### MATERIAL PROVIDED:
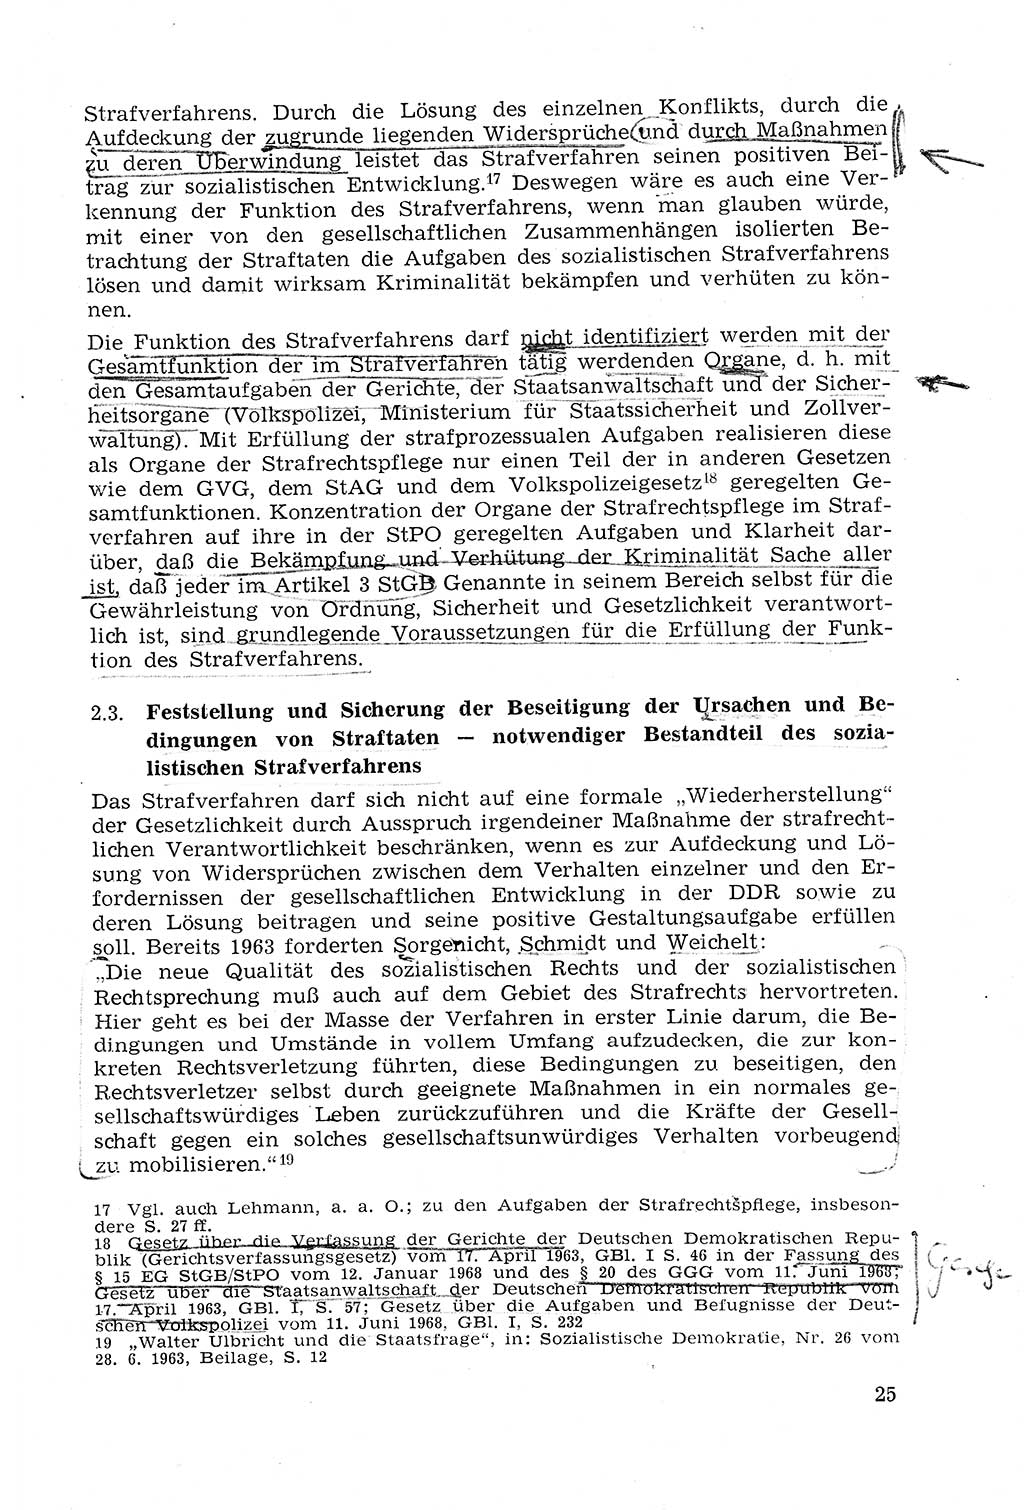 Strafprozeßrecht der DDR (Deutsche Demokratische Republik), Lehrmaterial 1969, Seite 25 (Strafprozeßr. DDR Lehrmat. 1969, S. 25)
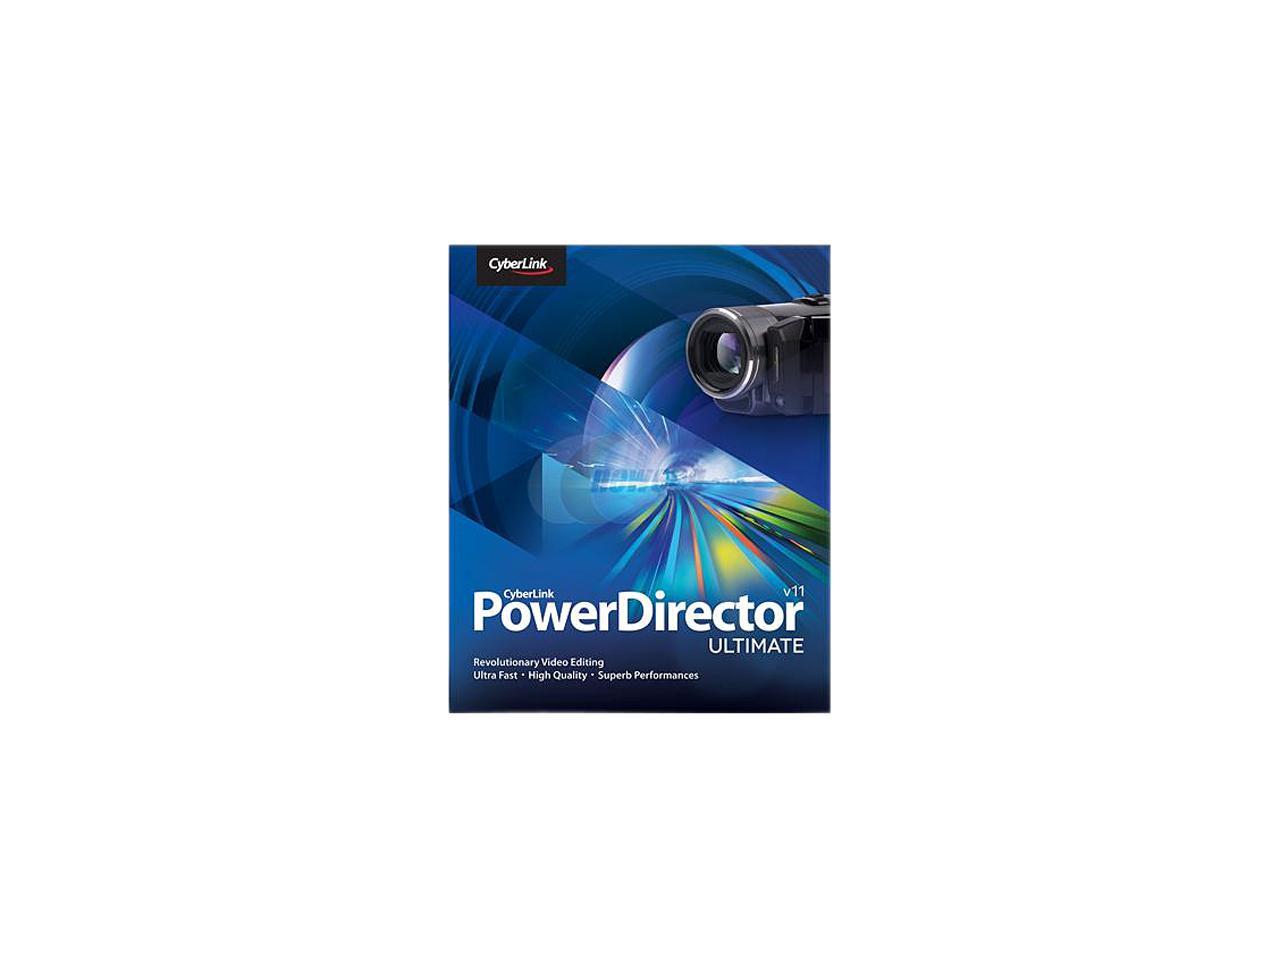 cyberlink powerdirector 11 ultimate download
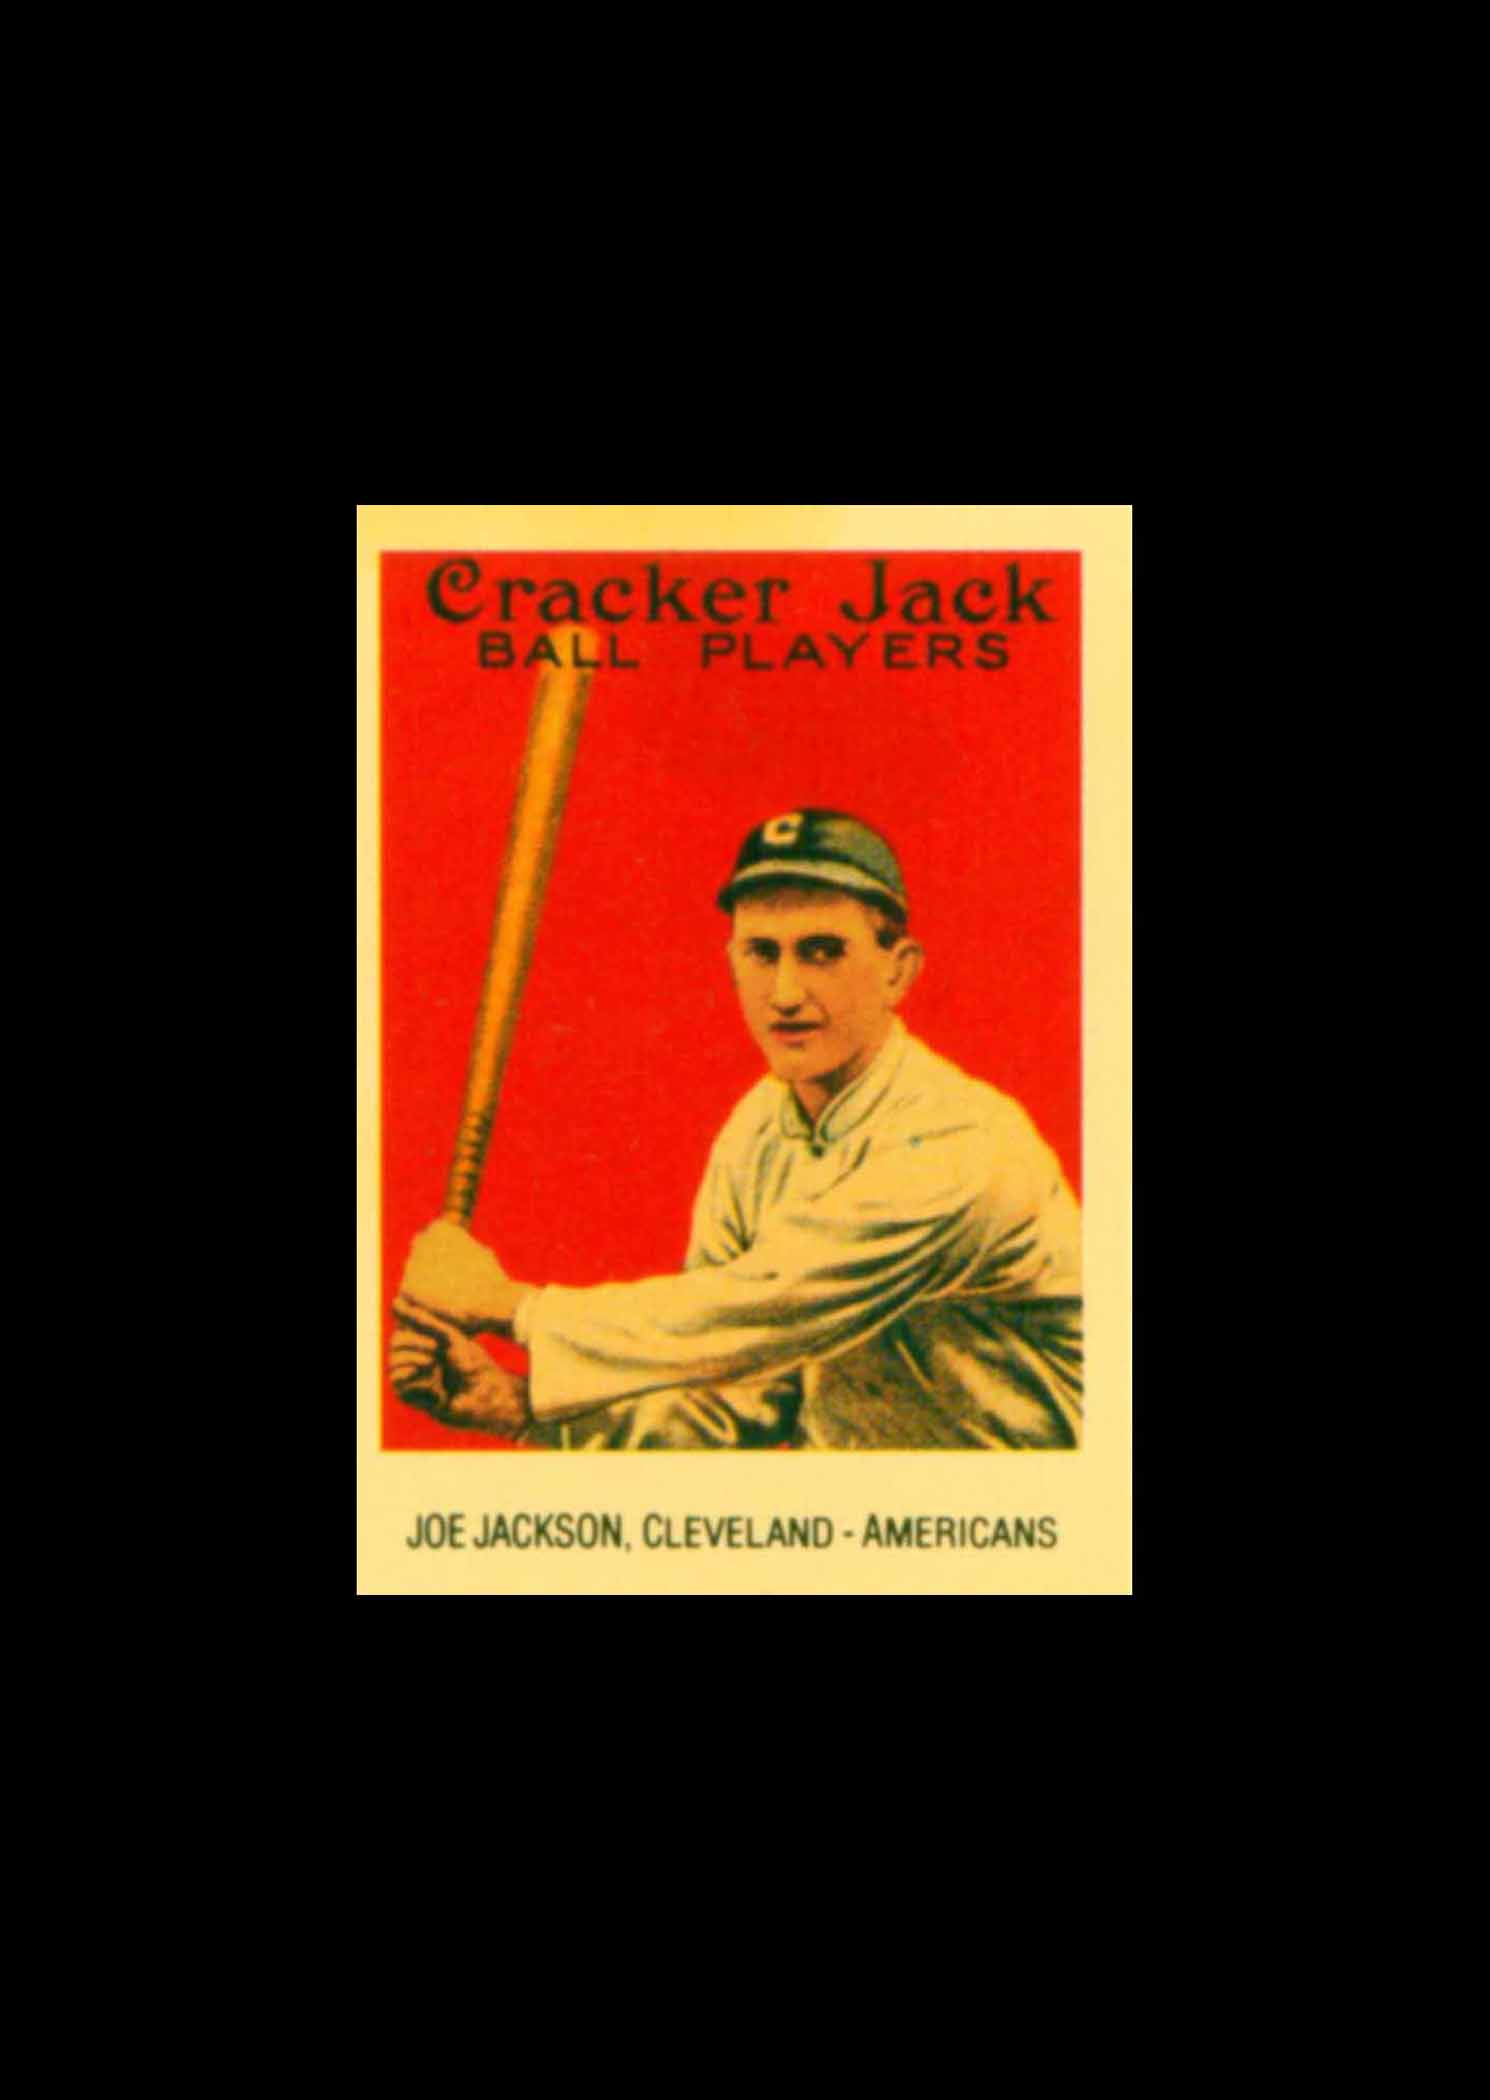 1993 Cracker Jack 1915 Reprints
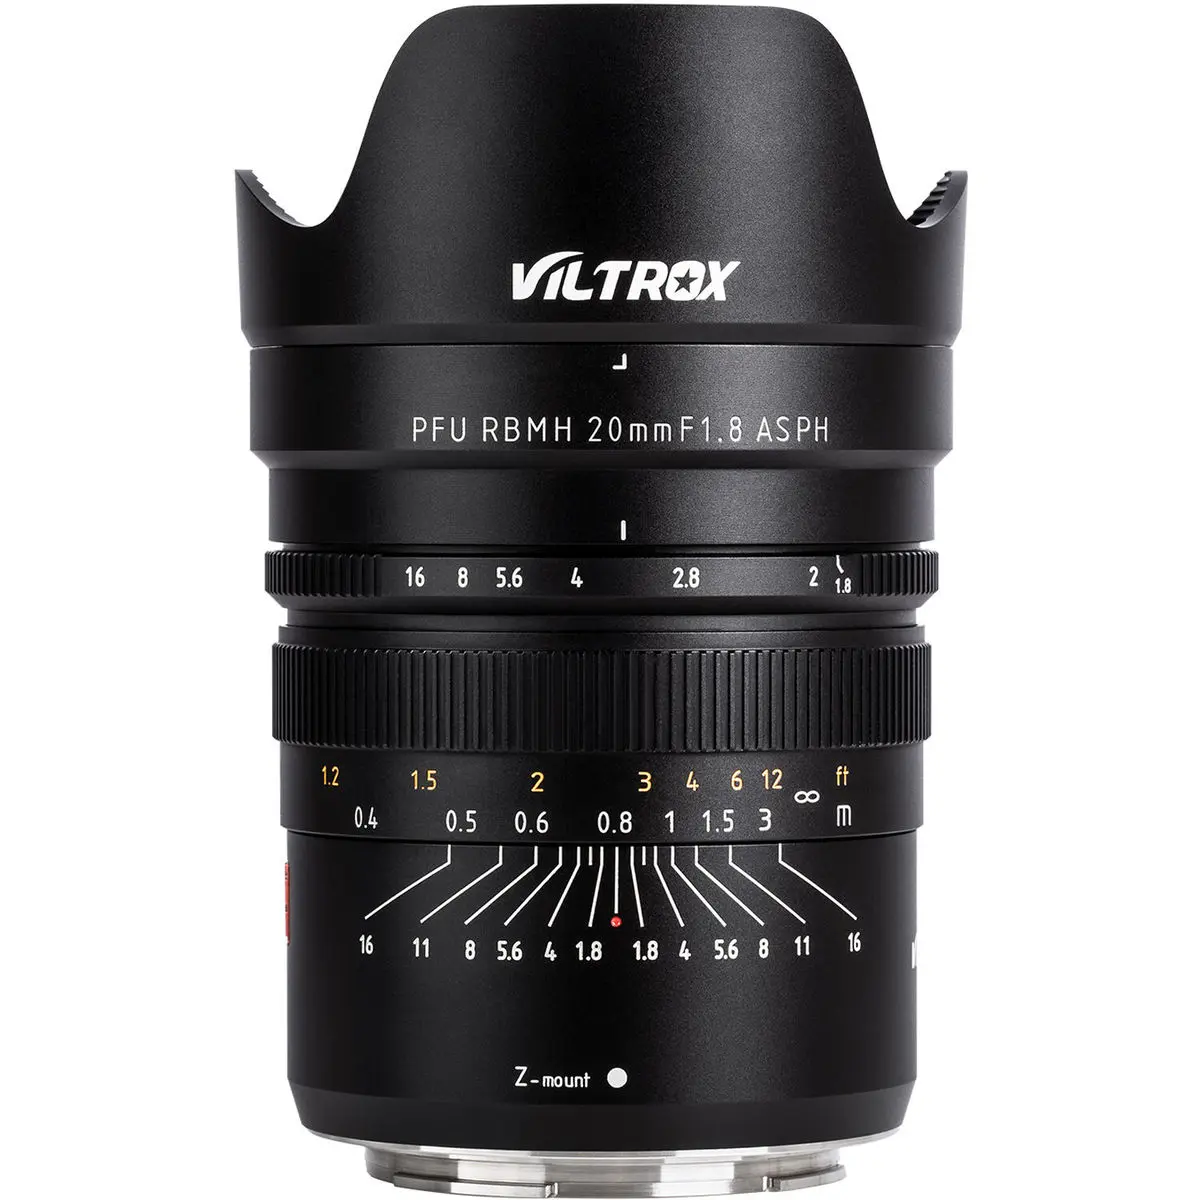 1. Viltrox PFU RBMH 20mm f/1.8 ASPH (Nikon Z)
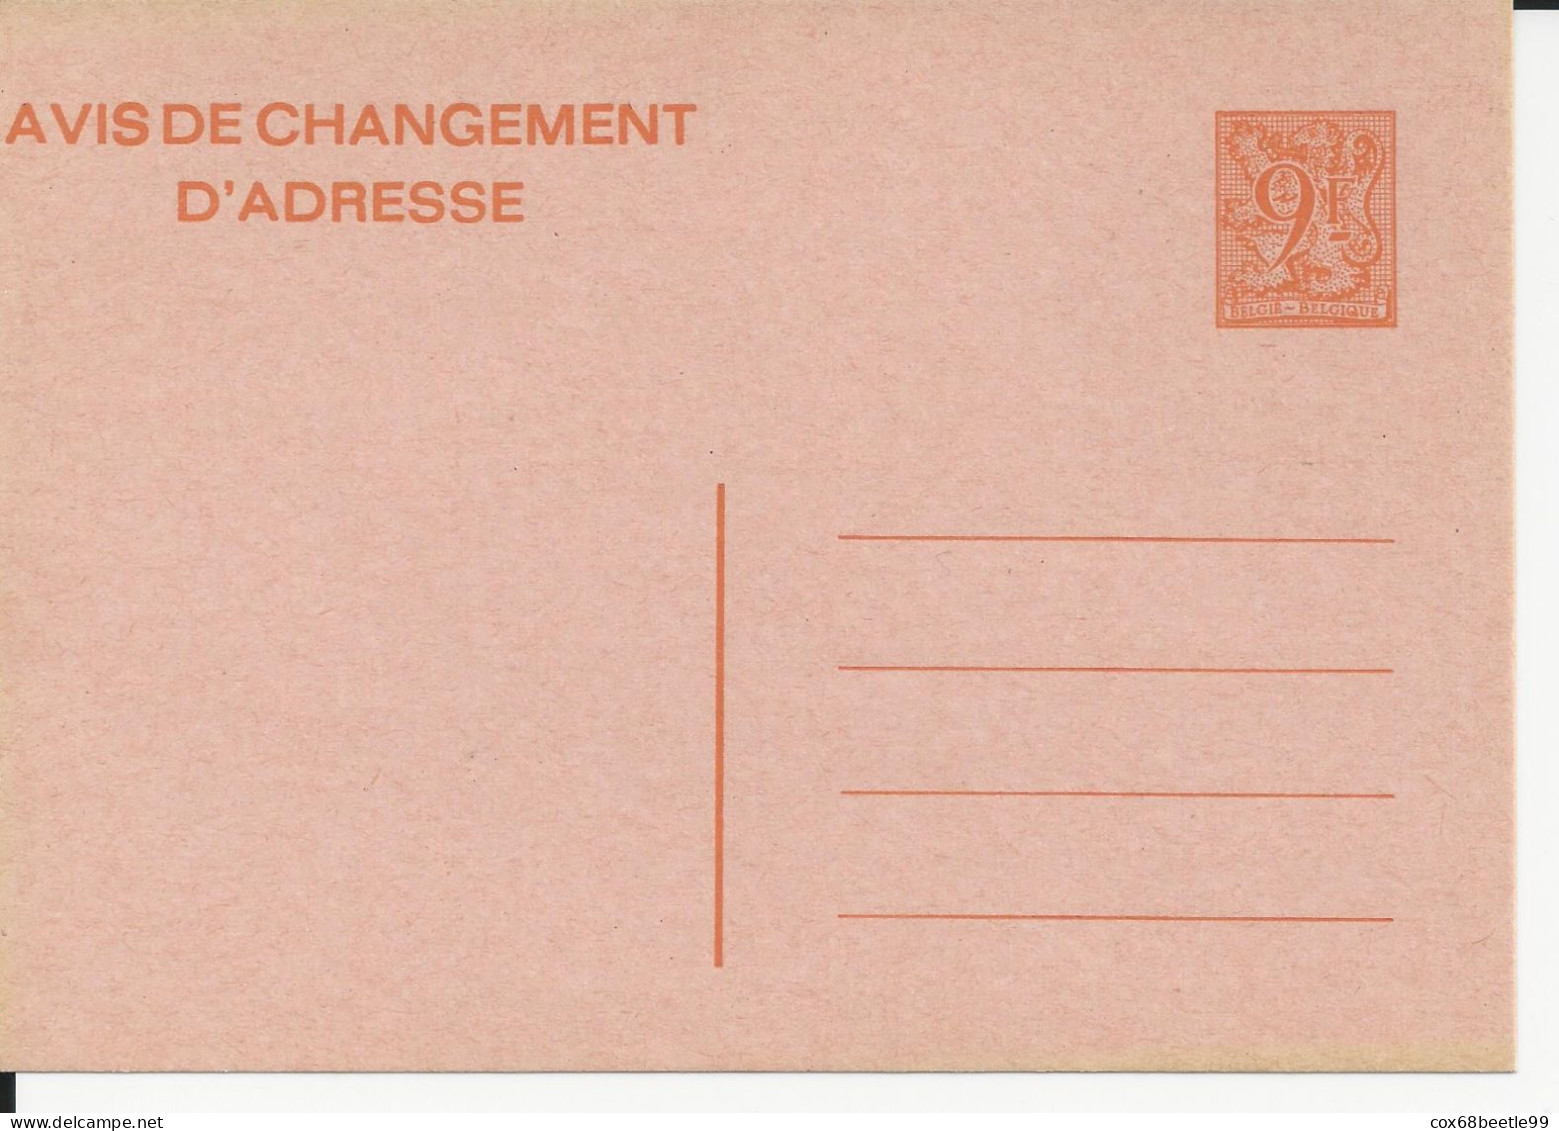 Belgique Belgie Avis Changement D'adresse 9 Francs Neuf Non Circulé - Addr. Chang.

### EXERCISE PROMPT:
Copy out exactly the lines from the one with "1. Viltrox PFU" through the end of the listing, both ends included, omitting any picture.

### EXERCISE RESULT:
 1. Viltrox PFU RBMH 20mm f/1.8 ASPH (Nikon Z)
 Belgique Belgie Avis Changement D'adresse 9 Francs Neuf Non Circulé - Addr. Chang.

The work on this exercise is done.